Is Cloud Computing Suitable for Chip Design?

Semiconductor design lags behind other industries in adopting the cloud, but there could be some good reasons for that. Change is difficult.

popularity

Is semiconductor design being left behind in a cloud-dominated world? Finance, CRM, office applications and many other sectors have made the switch to a cloud-based computing environment, but the EDA industry and its users have hardly started the migration. Are EDA needs and concerns that different from everyone else?

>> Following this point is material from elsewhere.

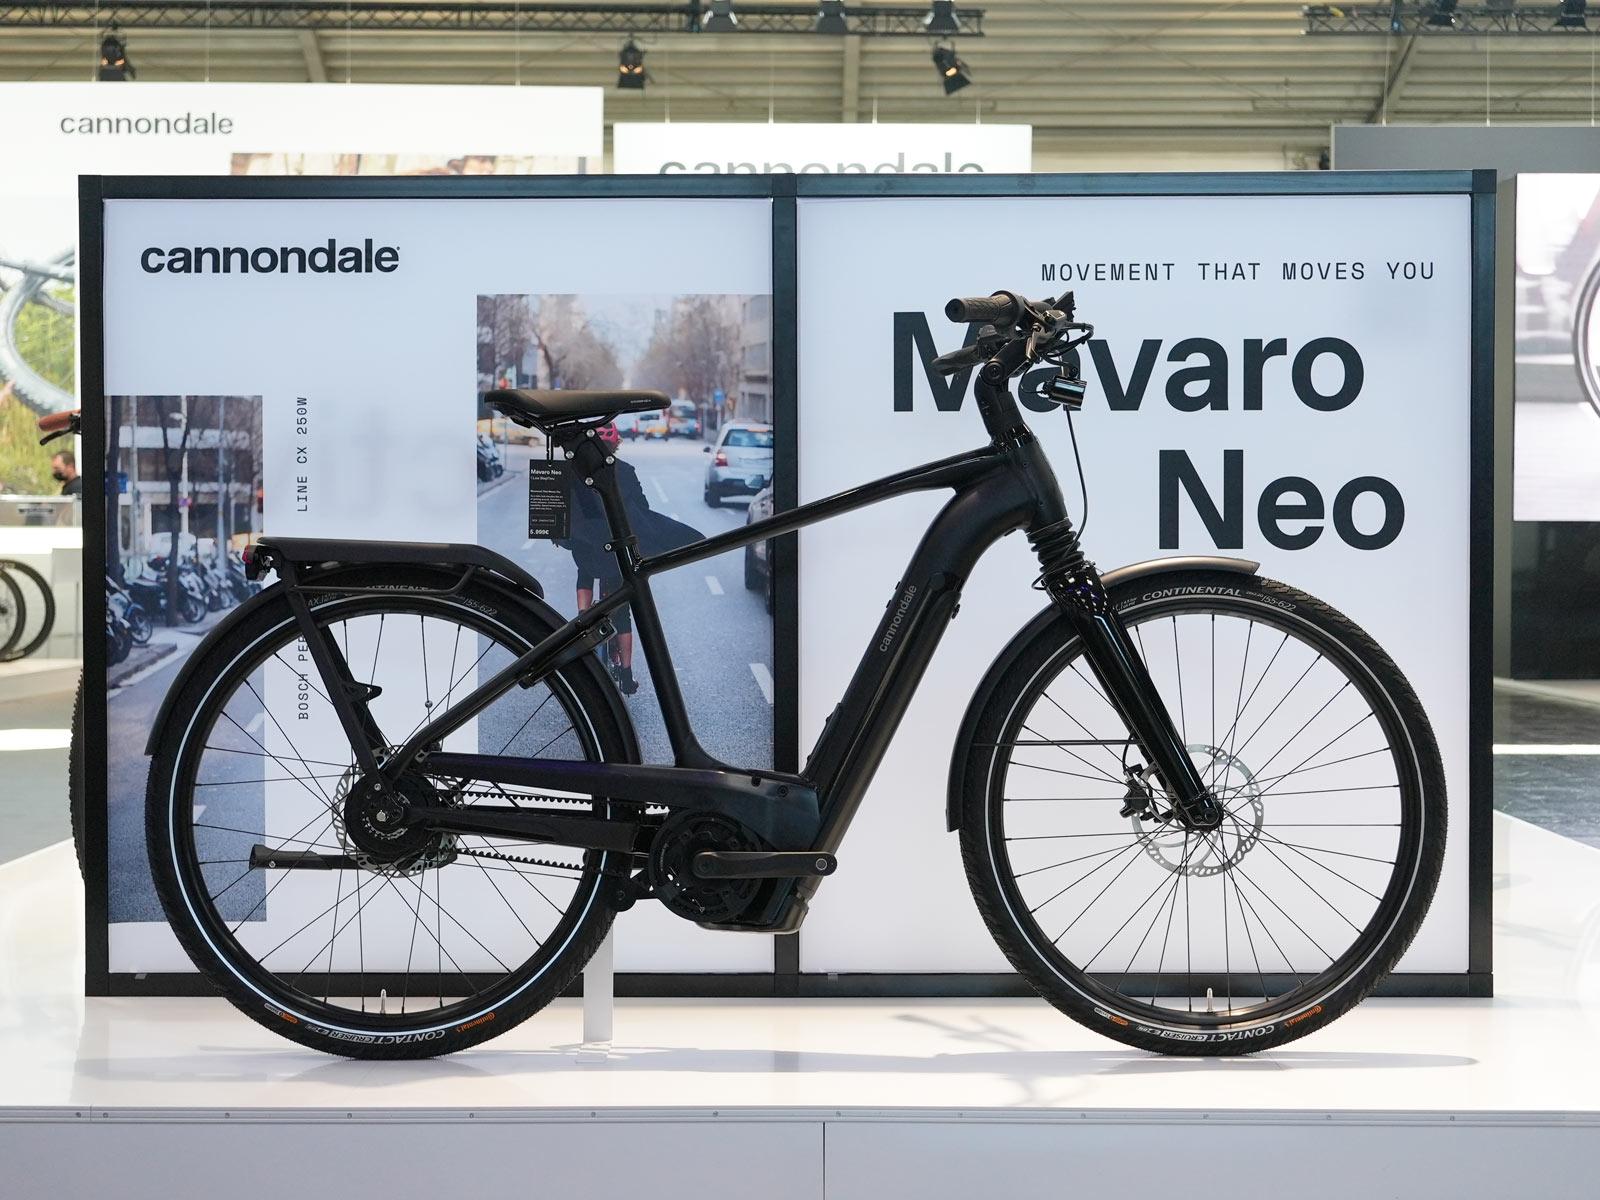 2022 Cannondale Movaro Neo standard frame

We are starting to see announcements from EDA companies, but few cheerleaders are ready to announce that they do design in the cloud.

Some trailblazers are emerging. “Our transition started about four years ago when Jack Harding, our CEO, asked what we are gaining by having compute hardware,'” recalls Naidu Annamaneni, vice president of global IT for eSilicon. “At that time we transitioned to data center as a service. For one chip, we needed to expand that by 2X. There was no way that the data center provider could do that, and so that is when we really challenged the team to find a way to use the cloud. We are marching toward being completely in the cloud by 2020, and we will be a serverless company. We will not own any hardware.”

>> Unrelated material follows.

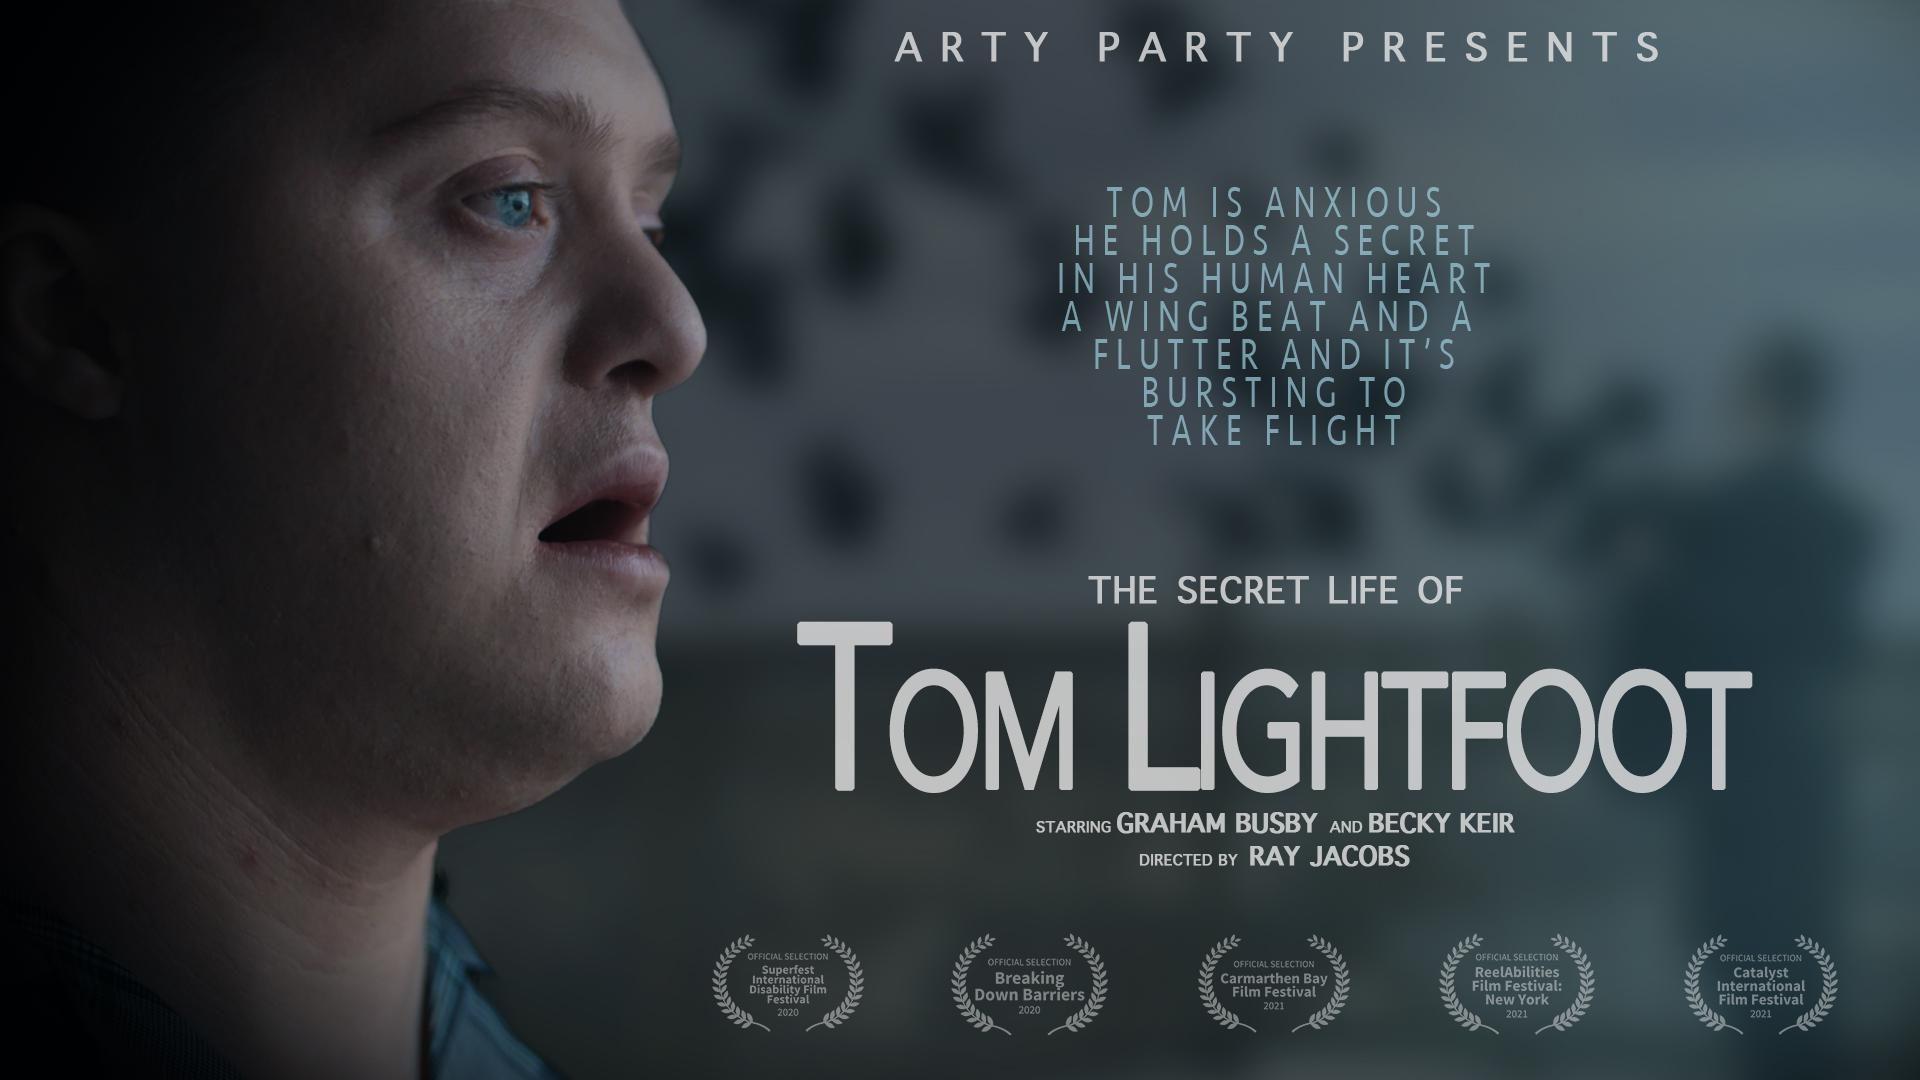 The Secret Life of Tom Lightfoot

So far, eSilicon appears to be the exception rather than the rule. “There is a lot of interest, but in general, people are still figuring it out,” says Doug Letcher, president for Metrics. “Most of them have on-site infrastructure that is their legacy. There is a time aspect to it while they figure out what to do with their old stuff.”

Shiv Sikand, executive vice president at IC Manage, agrees. “In making the transition, given the existing heavy investment in on-premise EDA solutions, we expect that for the next several years the majority of companies adopting EDA cloud solutions will deploy a hybrid cloud environment that combines cloud and on-premise workflows.”

So what are the benefits to be gained by a migration to the cloud and how do you maximize performance?

Elasticity
Compute elasticity is probably the biggest draw. “At the highest level, the customers’ environments that we deal with have variable demand and fixed supply,” states Carl Siva, vice president of information technology for cloud solutions at Cadence. “With the cloud you introduce variable supply, with the ability to access the cloud provider’s capacity that they have invested into. This is the kind of money that most customers do not have.”

Compute requirements over time. Source: Cadence.
Fig 1. Compute requirements over time. Source: Cadence.

Such demand cannot even be met by data center as a service. “We are dealing with bubble demand, where the compute resources needed can double during tape-out,” says Mike Gianfagna, vice of marketing for eSilicon. “You need it for two months, and you need it in two weeks. There is no way that a static data center can respond to that demand, so, we were forced to look at the cloud where you can ask for something today and get it today.”

Either way, there are costs. “You have to look at the capital investments, the budget models and ask, ‘Am I prepared to access this variable capacity?’ It is dollars from a different bucket—operational dollars, and reduced capex, or doing some combination of those two,” said Siva.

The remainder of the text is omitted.